The code for the consumer can be found below:
# pip install pyspark==3.3.2
# LIBRARIES
import os
import time
import random
import pyspark
from pyspark.sql import SparkSession
from pyspark.sql.functions import *
from pyspark.ml.feature import Normalizer, StandardScaler
from platform import python_version
print('Author: Helio Ribeiro')
print('Python version:', python_version())
print('\nPackage versions:')
%reload_ext watermark
%watermark --iversions
Author: Helio Ribeiro Python version: 3.9.12 Package versions: numpy : 1.21.5 kafka : 2.0.2 pyspark: 3.3.2 pandas : 1.4.2 sys : 3.9.12 (main, Jun 1 2022, 06:34:44) [Clang 12.0.0 ]
# KAFKA SERVER & TOPICNAME
SERVER = 'localhost:9092'
TOPIC = "heliospotifyproject"
# SPARK CONNECTORS FOR KAFKA
spark_jars = ("{},{},{},{},{}".format(os.getcwd() + "/jars/spark-sql-kafka-0-10_2.12-3.2.1.jar",
os.getcwd() + "/jars/kafka-clients-2.1.1.jar",
os.getcwd() + "/jars/spark-streaming-kafka-0-10-assembly_2.12-3.3.2.jar",
os.getcwd() + "/jars/commons-pool2-2.8.0.jar",
os.getcwd() + "/jars/spark-token-provider-kafka-0-10_2.12-3.1.2.jar"))

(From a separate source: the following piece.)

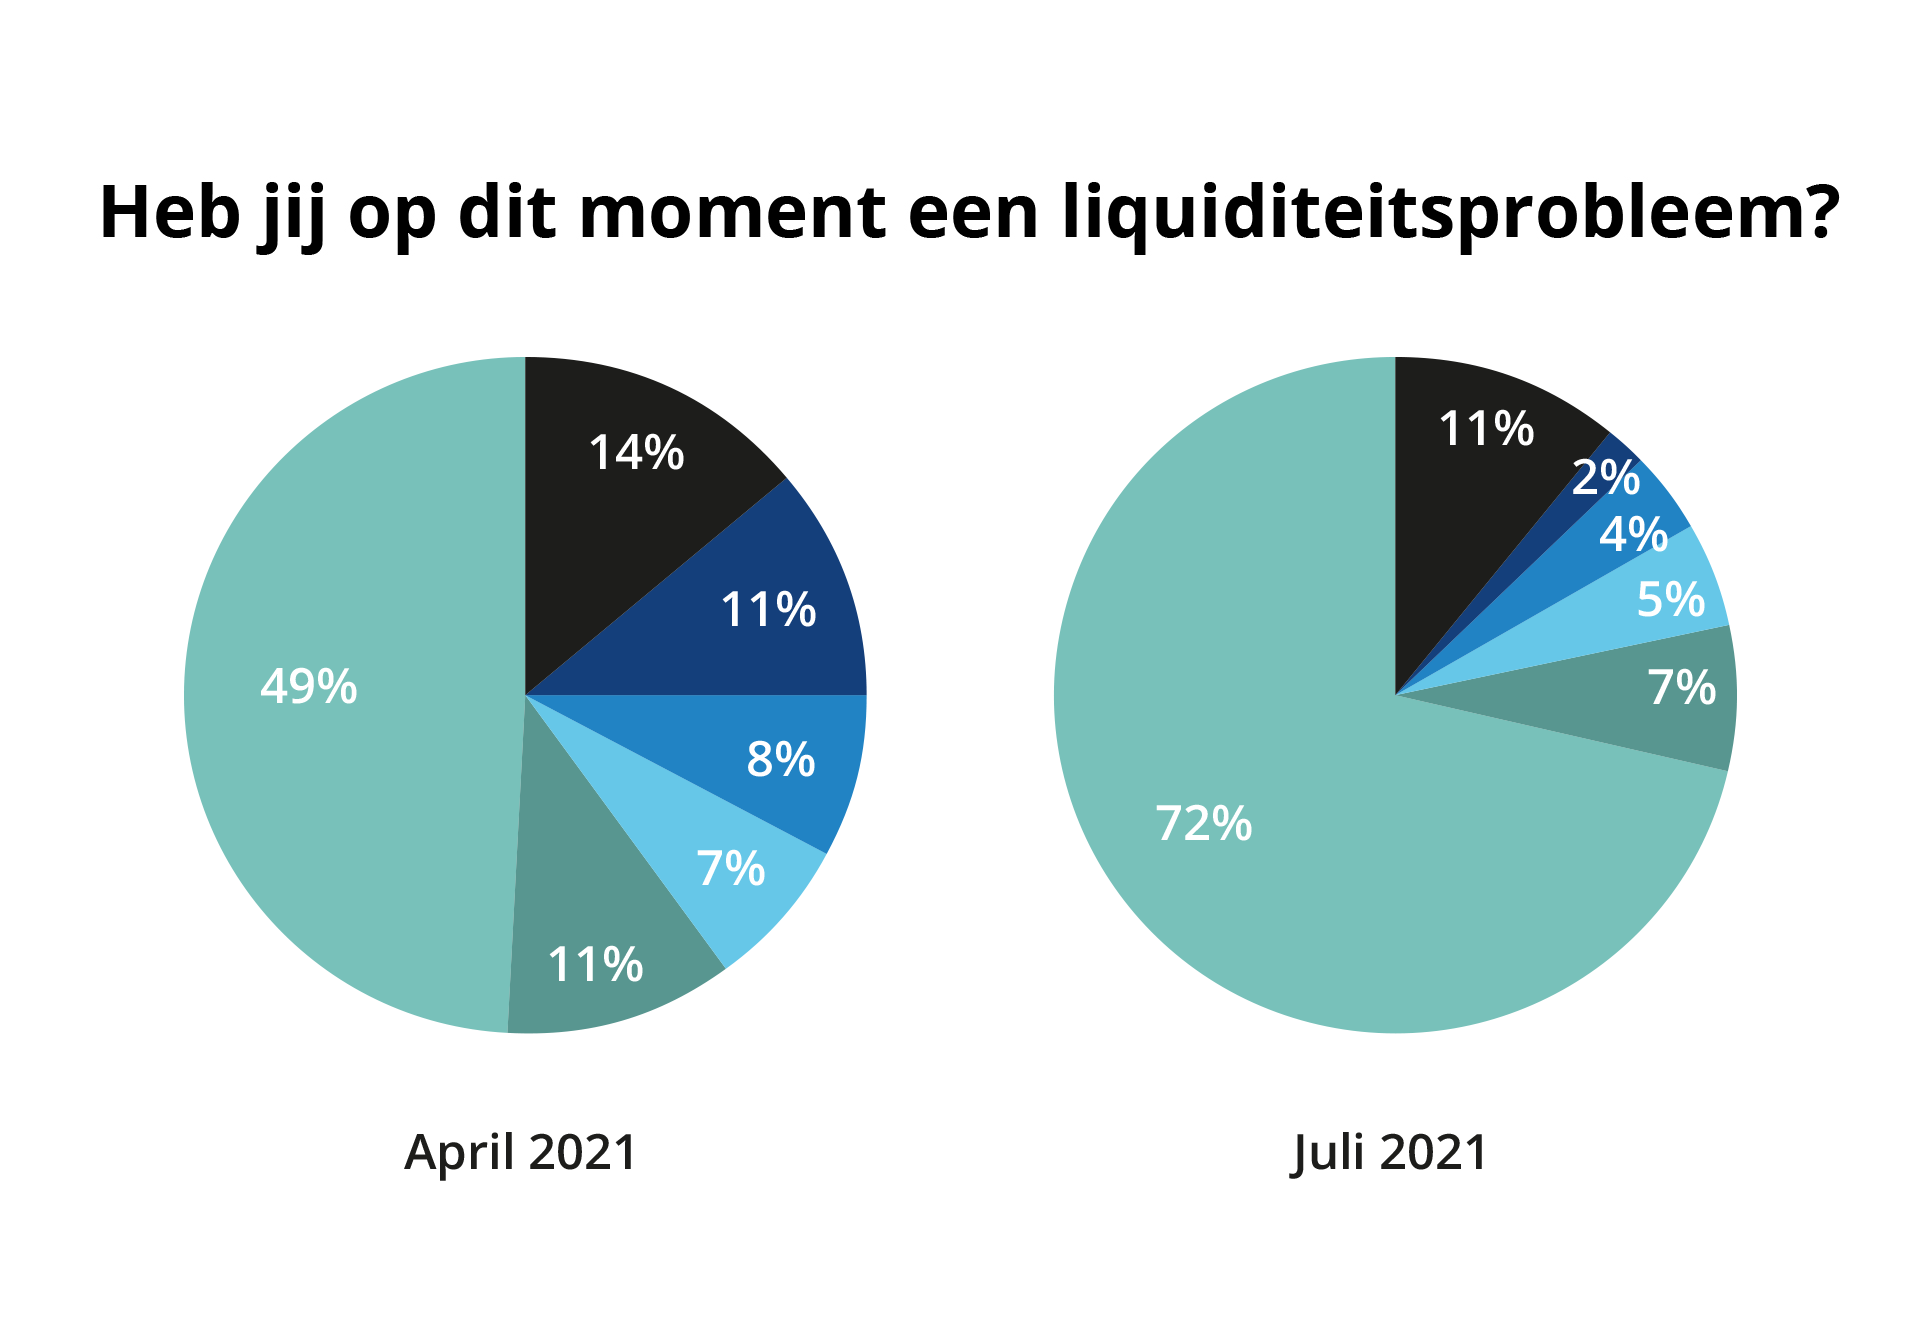 Uitslag peiling 7: Minder urgente liquiditeitsproblemen, 13% wil personeel laten investeren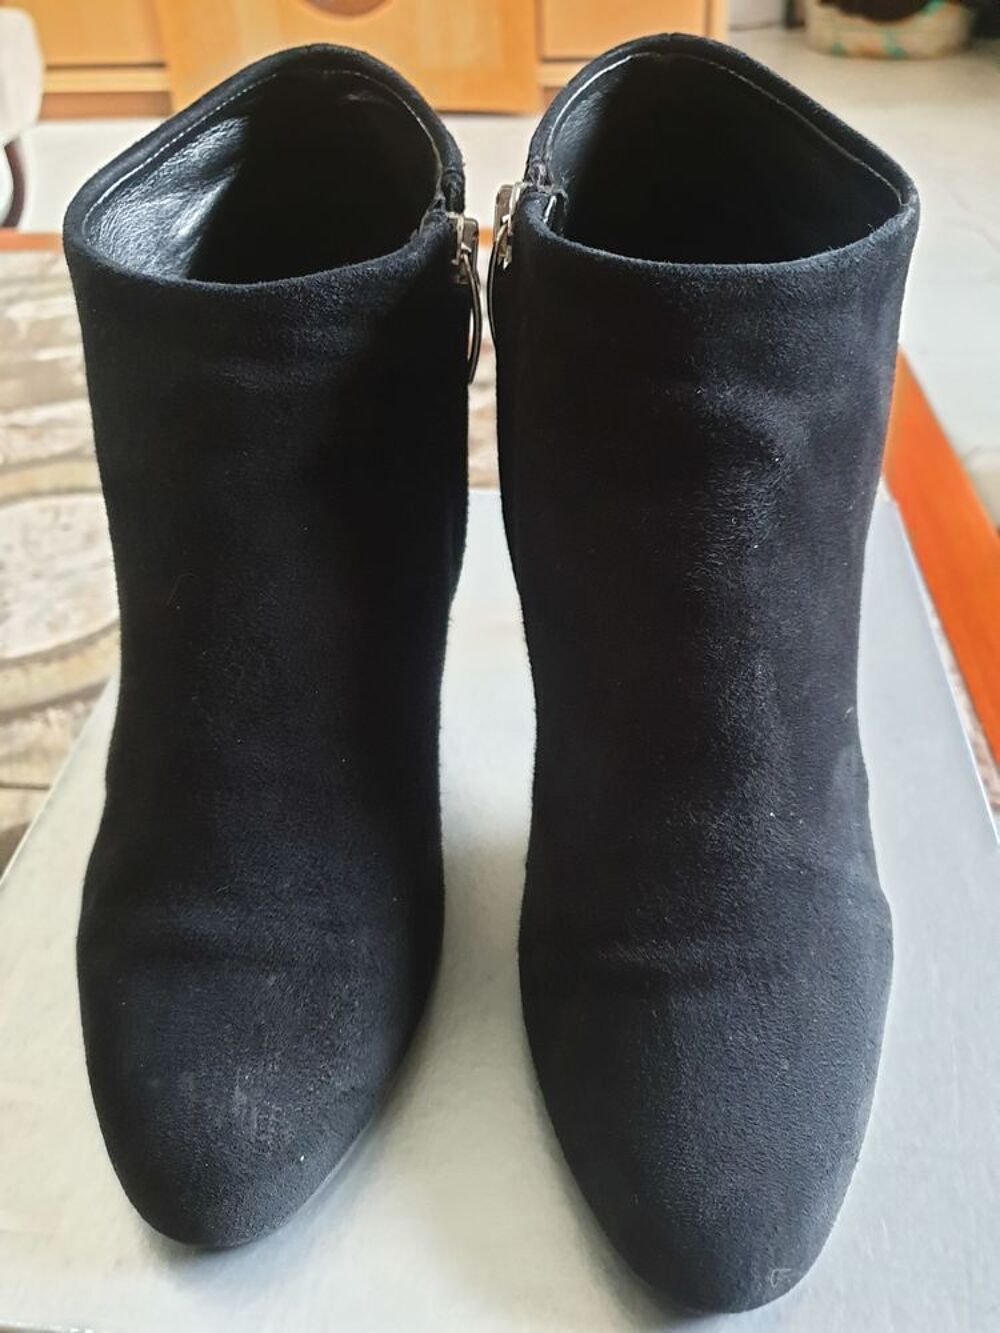 Boots EDEN en daim (cuir) noir, T 39, talon 9cm, en TBEtat Chaussures

# INITIALIZE SPARK SESSION
spark = SparkSession \
.builder \
.config("spark.jars", spark_jars) \
.appName("heliospotifyproject") \
.getOrCreate()
24/02/14 04:02:16 WARN Utils: Your hostname, Helios-MacBook-Pro.local resolves to a loopback address: 127.0.0.1; using 192.168.0.6 instead (on interface en0) 24/02/14 04:02:16 WARN Utils: Set SPARK_LOCAL_IP if you need to bind to another address 24/02/14 04:02:47 WARN NativeCodeLoader: Unable to load native-hadoop library for your platform... using builtin-java classes where applicable
Setting default log level to "WARN". To adjust logging level use sc.setLogLevel(newLevel). For SparkR, use setLogLevel(newLevel).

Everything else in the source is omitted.